Ubiquitin-dependent proteolysis in health and disease

Work in the Tomko lab centers on the ubiquitin-proteasome system (UPS), which mediates ~80% of all regulated (e.g., intentional) protein degradation in all eukaryotes.  Our group has traditionally focused on understanding the assembly and function of the 26S proteasome, which is the endpoint for proteins destined for degradation by the UPS.  It is also the largest and most complicated protease known.  Deregulation of proteasomal proteolysis underlies diverse human diseases, including cancer, neurodegeneration, diabetes, and several autoimmune disorders.  By better understanding the structure, biogenesis, and function of the proteasome, we hope to identify new targets for disease treatment and discover small molecules that modulate these targets. 

More recently, we have also become interested in the UPS of a family of infectious obligate intracellular parasites known as microsporidia.  These fascinating parasites spread easily through contaminated food and water sources, but have largely been ignored by modern medicine because they have traditionally only caused disease in immunocompromised patients.  However, as long-term use of immunosuppressive drugs becomes the standard of care for many conditions, including organ transplants, chronic inflammatory diseases, and autoimmune disorders, they are emerging as a new and serious health threat.  We are thus characterizing the highly divergent UPS in these parasites in an effort to develop novel therapeutics for this important but virtually ignored class of pathogens. 

Proteasome assembly and function

The proteasome consists of ~70 individual protein subunits that must occupy defined positions within the final complex to ensure its efficient function.  Further, individual subunits within the proteasome are sometimes substituted with alternative forms to yield specialized proteasomes with altered specificities and activities.  These alternative proteasomes are involved in specialized biological processes, such as T-cell selection, generation of epitopes for antibodies, and maturation of sperm cells.  Further, changes to the composition of the proteasome occurs frequently in human cancers.  Thus, understanding how this unusually large and complicated cellular machine forms and functions is guiding the development of drugs for autoimmunity, cancer, fertility, and infectious disease, among others. 

If the subunits of the proteasome were to assemble randomly (e.g., driven solely by stochastic collisions between subunits), there are more possible assembly sequences than there are stars in the known Universe.  Surprisingly, only two or three of these assembly sequences seem to occur in the cell.  How is this remarkable complexity reduced and managed to assure that a properly composed, functional complex is always the endpoint? How does the cell make specialized proteasomes when needed?  We are interested in understanding the molecular and cellular mechanisms that enforce this ordered, hierarchical assembly of the proteasome in vivo.  We use approaches pulled from biochemistry, biophysics, protein engineering, chemical genetics, proteomics, and cell biology to better understand this process, with the ultimate goal of identifying bottlenecks in the assembly process that could be enhanced or further constricted to treat human disease. 

Although assembly is our main goal, we occasionally stumble upon interesting things that improve our understanding of how the proteasome selects and degrades its substrates.  The proteasome contains ~20 individual enzymatic centers, and it processes substrates for degradation almost like an assembly line building a car, but in reverse.  Our secondary interest is in understanding how these different processing sites are functionally coupled within the proteasome during catalysis, and how their activities are restrained during proteasome assembly to prevent premature and incomplete substrate processing. 

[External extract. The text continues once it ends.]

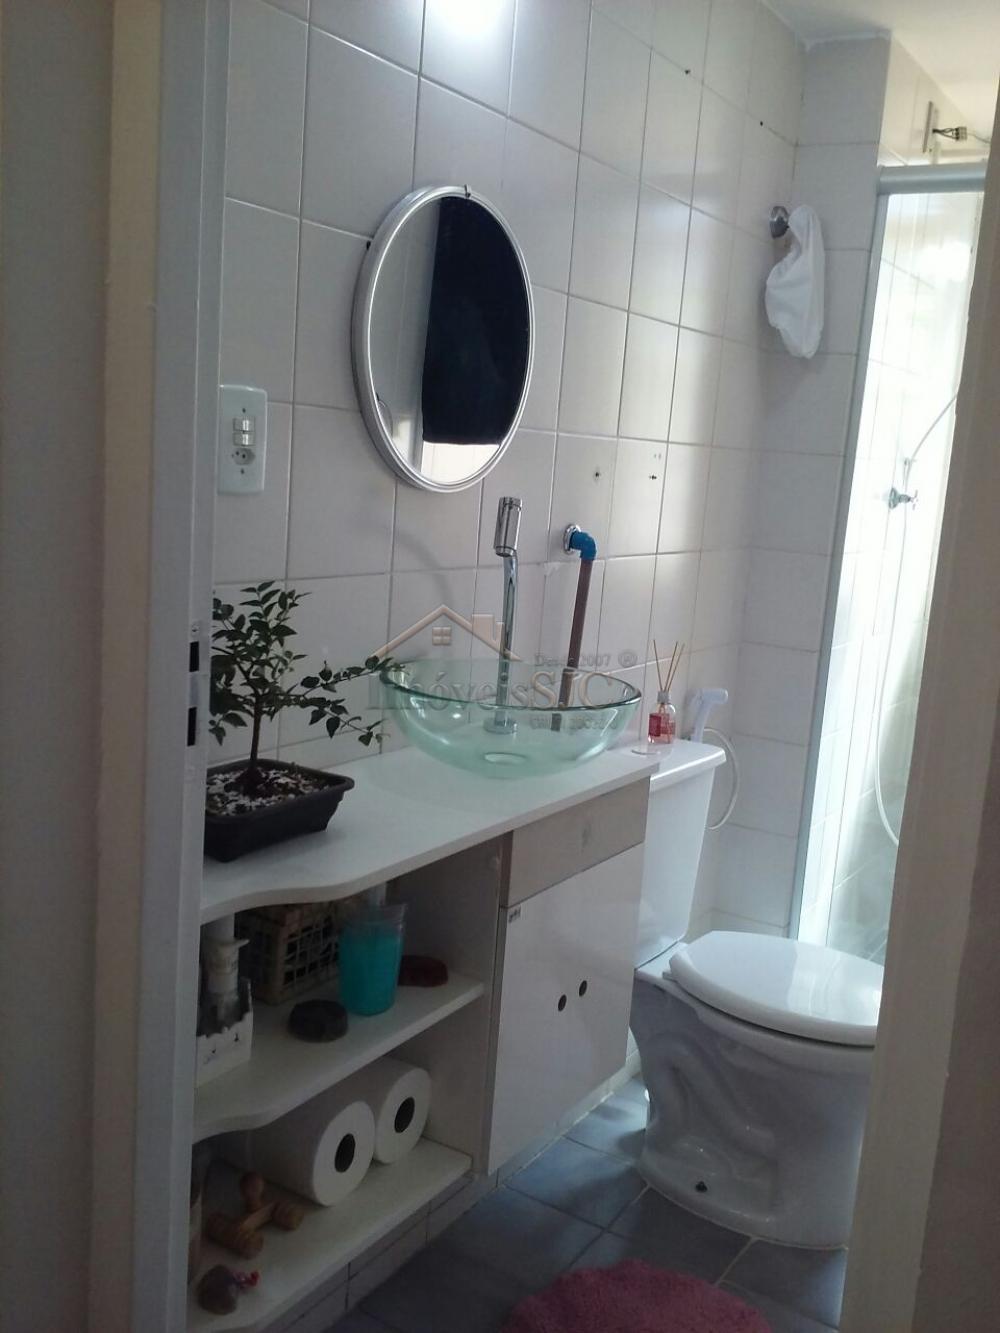 Comprar Apartamentos / Padrão em São José dos Campos apenas R$ 150.000,00 - Foto 5
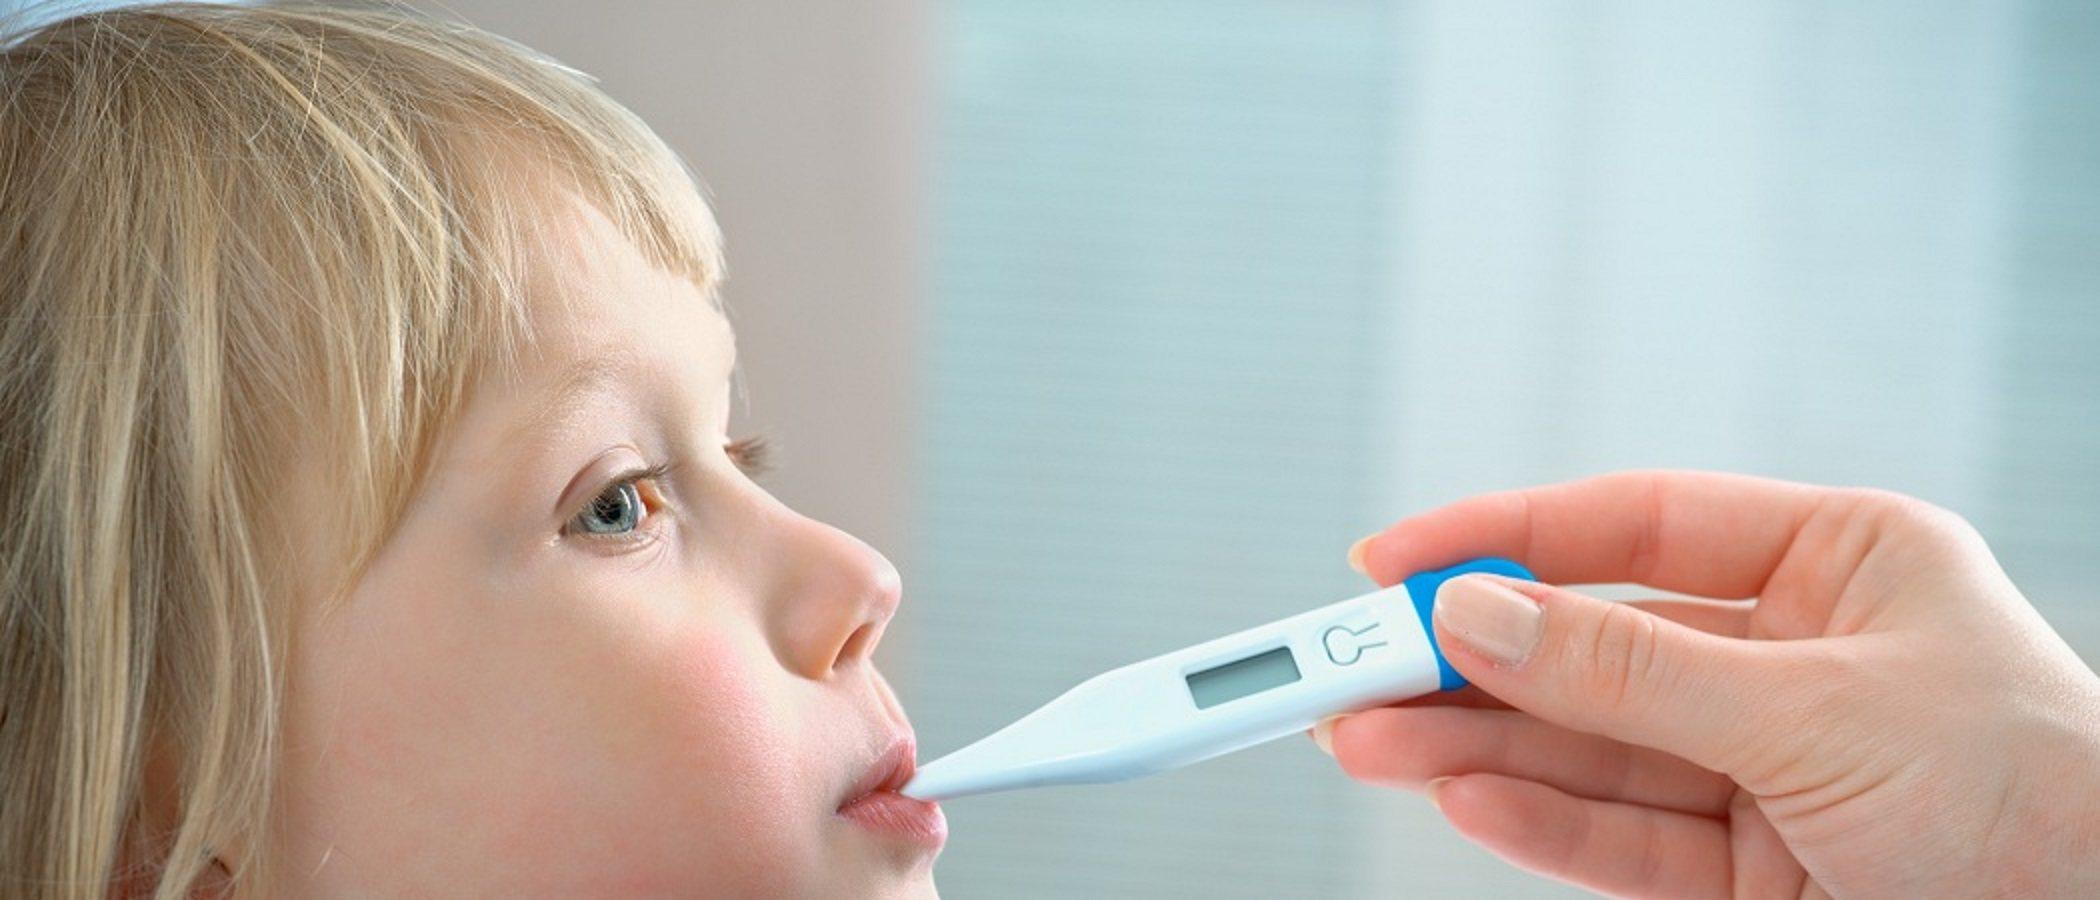 Acetona, ¿qué es y cómo afecta a los niños?

The ubiquitin-proteasome system of microsporidia

Microsporidia possess a highly divergent 26S proteasome compared to all other eukaryotes, and appear to be missing many accessory proteins and assembly chaperones that would normally promote efficient proteasome biogenesis and function.  This raises several important questions – for example, why is it that these organisms lack proteins that are essential for survival in all other eukaryotes examined?  Can these divergent proteasomes assemble without exogenous assistance from the chaperones required in humans?  What are the differences in the structure and function of this divergent proteasome, and how can we target these differences to kill off the parasites without affecting the host cells?  We have developed a suite of biochemical tools that will help us begin answering these questions.  We anticipate that this divergent proteasome may make for an outstanding drug target for microsporidiosis. 

Microsporidia also seem to have an unusual collection of ubiquitin ligases and ubiquitin proteases—including many that are secreted into the infected host cell—whose roles in infection, establishment of an intracellular niche, replication, and dissemination to neighboring cells are completely unknown.  We are using biochemical and biophysical approaches coupled with transgenic and cell-based models of microsporidial infection to understand the structure, function, substrate selectivity, and physiological roles of these microsporidial UPS components en route to our larger goals of developing first-in-class drugs for the treatment of microsporidiosis.